Well considering I started hunting in 2004 when I was 12 I guess I could consider myself as one of the new generation of hunters. In that time the biggest change to rifle season was the removal of doe from the first week of the season. That honestly negatively effected rifle season in our camp to the point it is near unrecognizable from what it was just a few short years ago. We used to go up Friday after Thanksgiving and stay at camp till Wednesday, the opening two days our group of 12 would get 6 to 10 deer and spend Wednesday butchering. Those were honestly some of the best vacations I've ever had.
After they removed doe from the first week our opening day harvest numbers plummeted. We only managed to get 1 buck total the first three years after the change when we should have gotten 18 to 30 deer. Part of this is because 2/3rds of our harvests are does and partially because no one was shooting the deer simply stayed put. At that point we stopped staying up till Wednesday as watching nothing but does, spikes and fork horns run by for two straight days didn't do much for camp morale. Without anybody harvesting deer my two cousins started only coming up for the weekend and leaving Sunday night before stopping coming up all together, our other friend decided to use his vacation time elsewhere and the old guy hung it up entirely. Our group of 12 dropped to 6 or 7 in the matter of a couple years with the new rules.
So what does this have to do with the opener moving to Saturday? I fully expect it to fragment our group even more. My uncle and our friend frequently have to work Saturday so they may elect to skip the opening weekend entirely since they would miss the opening day. If people can't hunt the opener then why head up Sunday to only hunt bucks on Monday and Tuesday, they might as well wait till the following weekend when they can also shoot does.
Next thing you know the once special opening day of deer season is now just like any other weekend, traveling up Friday night, hunting Saturday and going home Sunday. Gone would be the five day trip to hunting camp, the three days of hanging out, getting hyped up and ready for the opener on Monday, the campfires the camaraderie and toasts to the good times passed and those ahead. To me it removes what makes the opening day of rifle season so special and cheapens the experience.
So forgive me if I'm not sold on this "change", the changes that would provide a positive benefit with no downside such as Sunday Hunting and allowing semi autos for deer hunting have been shelved while the only change we seem to get is ones that screws over us and many other hunters for my favorite weekend of the year.

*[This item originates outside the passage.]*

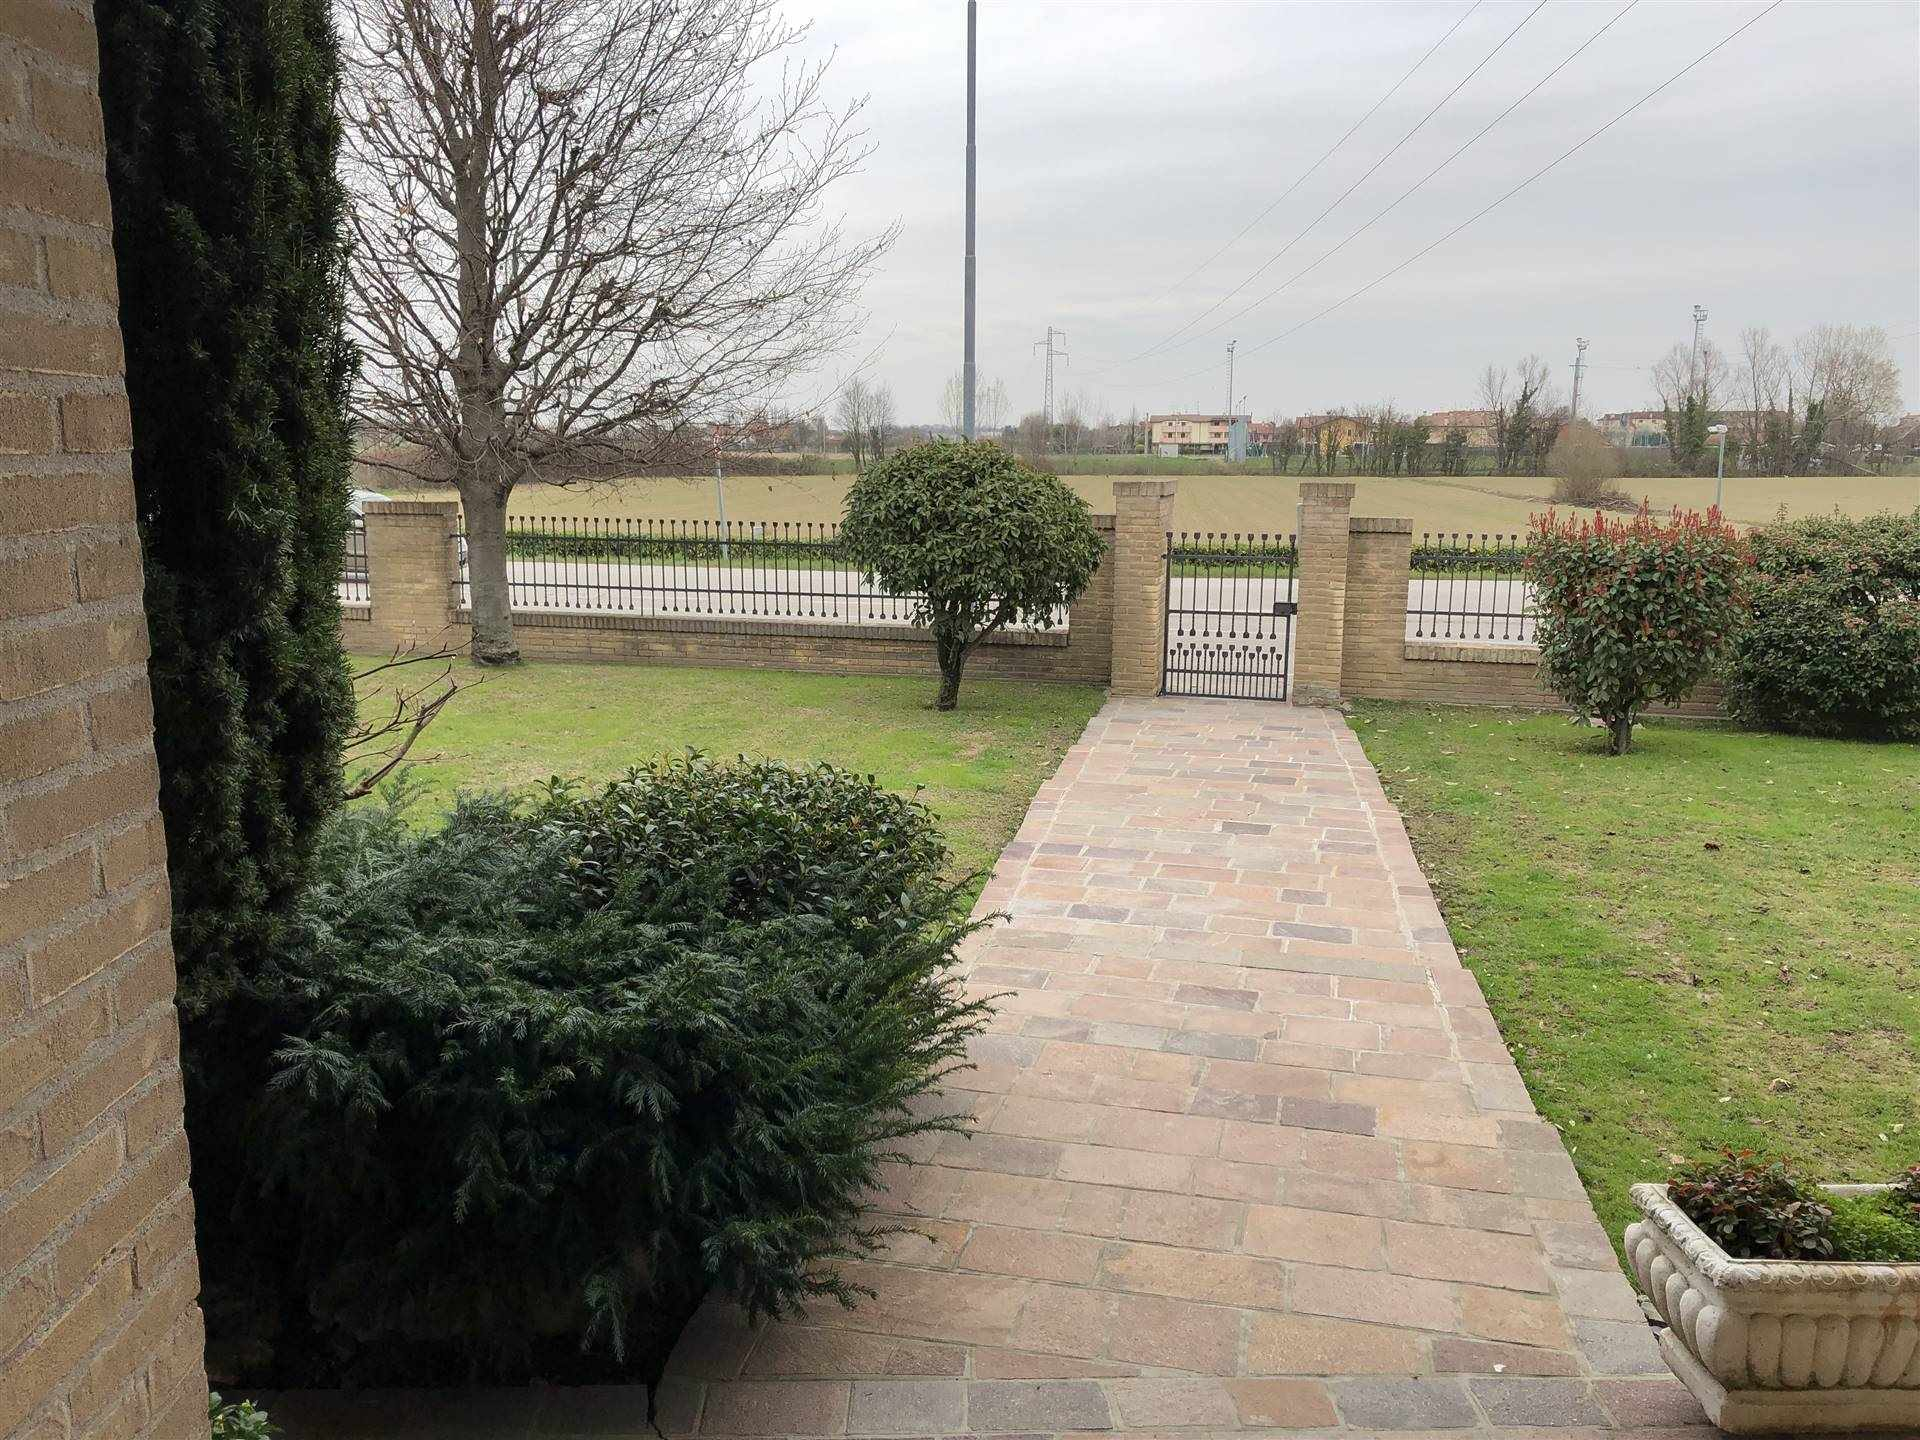 Villa con giardino a Albignasego - 01, Foto
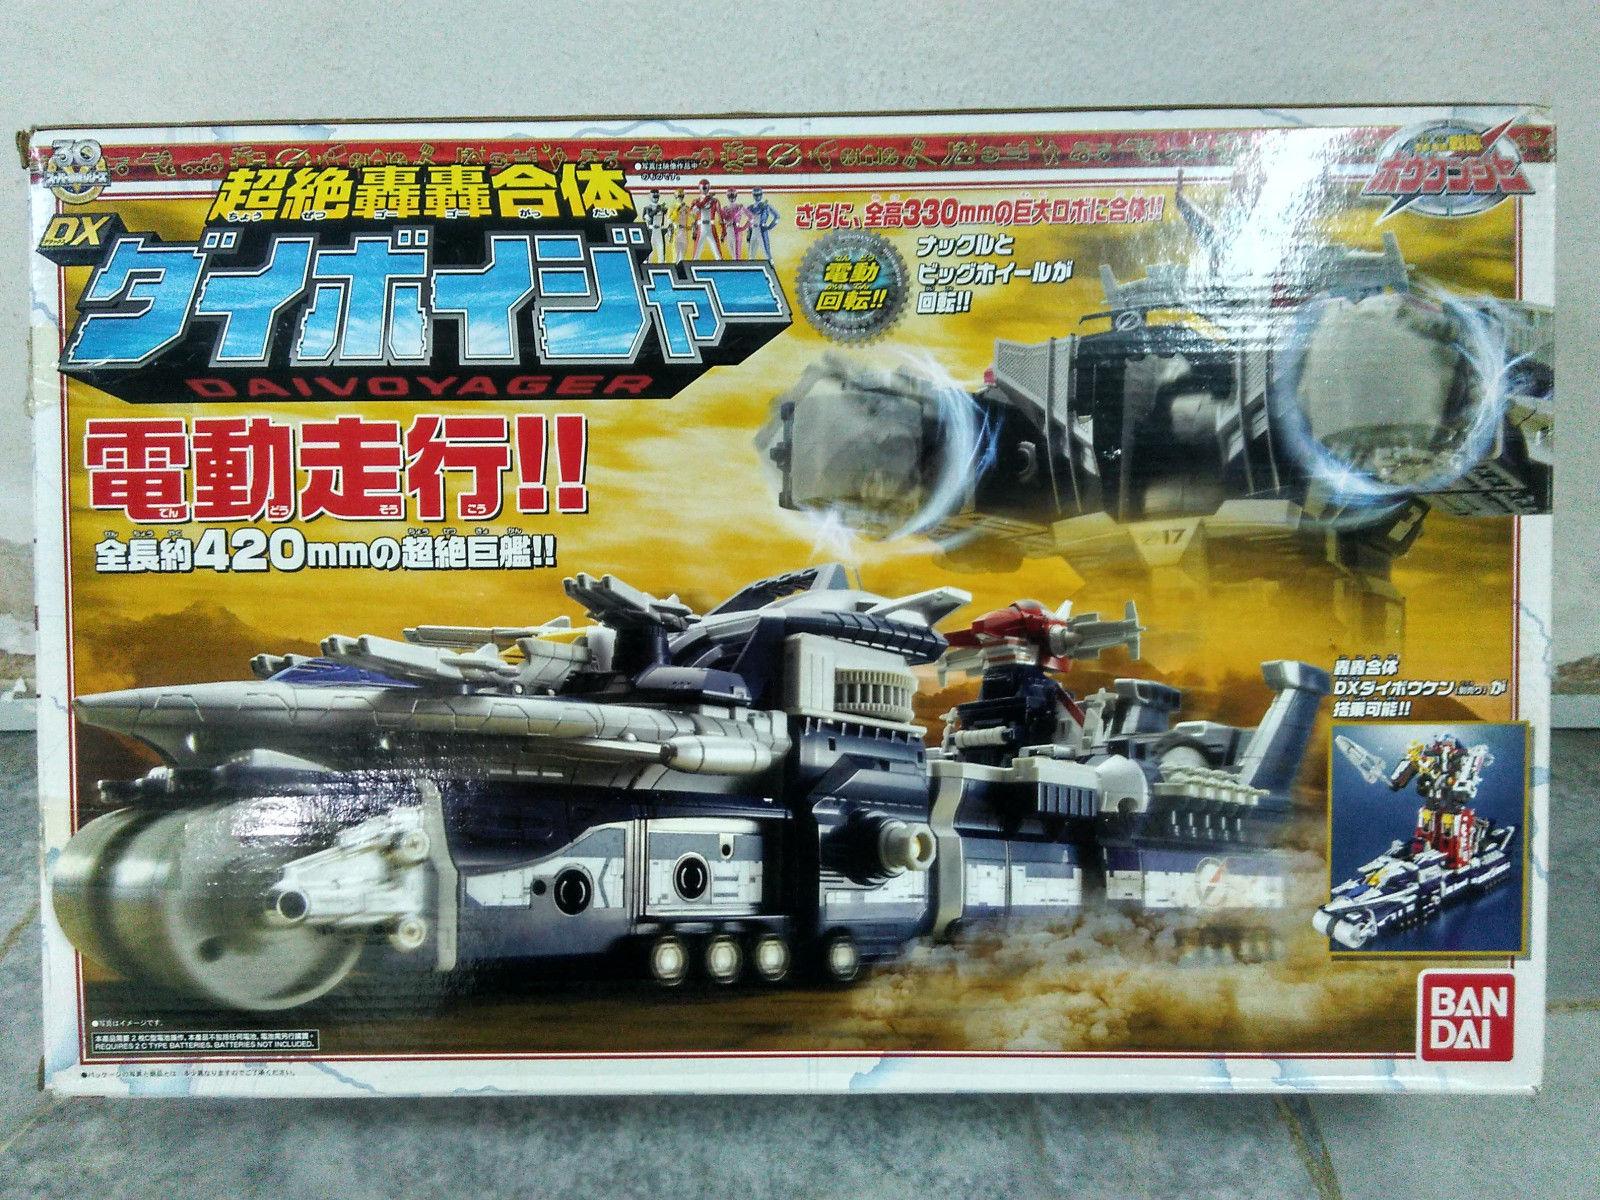 2007 Bandai Power Rangers Operation Overdrive Battlefleet Megazord 1600x1200

Well your story ties in exactly to what Ive said. That being that hunting in PA, especially deer hunting, was at one time a (tradition). All, and I said (all) the schools statewide were closed for the first 3 days of the (bucks only) season when I was in school, and still in some areas when my kids were in school.
But it has slowly changed over the years to being something else. Im now 83 years old, so I definatly qualify as being a fudd. My first season was 1947, 2 years after ww2, and during those war years very little hunting took place as a result of a thing called gas rationing, which placed severe limitations on travel for other than absolute necessities.
Like getting to a defence factory job if you weren't serving in the military. Tires were rationed also, which meant that even if you squirled away some gas stamps, your tires probably wouldn't make the trip anyway. It also took an entire day to travel the roughly 225 or so miles from SE PA to NC PA where a few of us traveled to hunt, mostly in cars having no heat.
As for doe seasons, there weren't any, and when they did start, it was by doe permit only for 2 days after the 2 week buck season was over.
But thats where the first noticeable change in hunter habits began to take place.
More and more hunters gave up on the first days of buck in favor of just the last day or maybe 2, and then staying on till the Monday following which allowed for a sure thing with a doe kill. Thats also when the yelling started seriously over Sunday hunting. I knew a few guys who never killed a deer after many years of hunting, but they always went back, because it was in their blood to do so.
Take a look at where we are today with the country as a whole, and it should come as no surprise as to where we are as for hunting. An average season for our group of 6 to 8 hunters would see 2 bucks killed in a week. A very good season would see 4 at most, and that was by hard hunting by way of organized drives.
So im sorry for my old fudd attitude, but I just cant grasp the need for killing 8 to 10 deer in 2 days of hunting, in order for it to be a worthwhile event.
But thats exactly why so many of those nice old camps are no longer being used.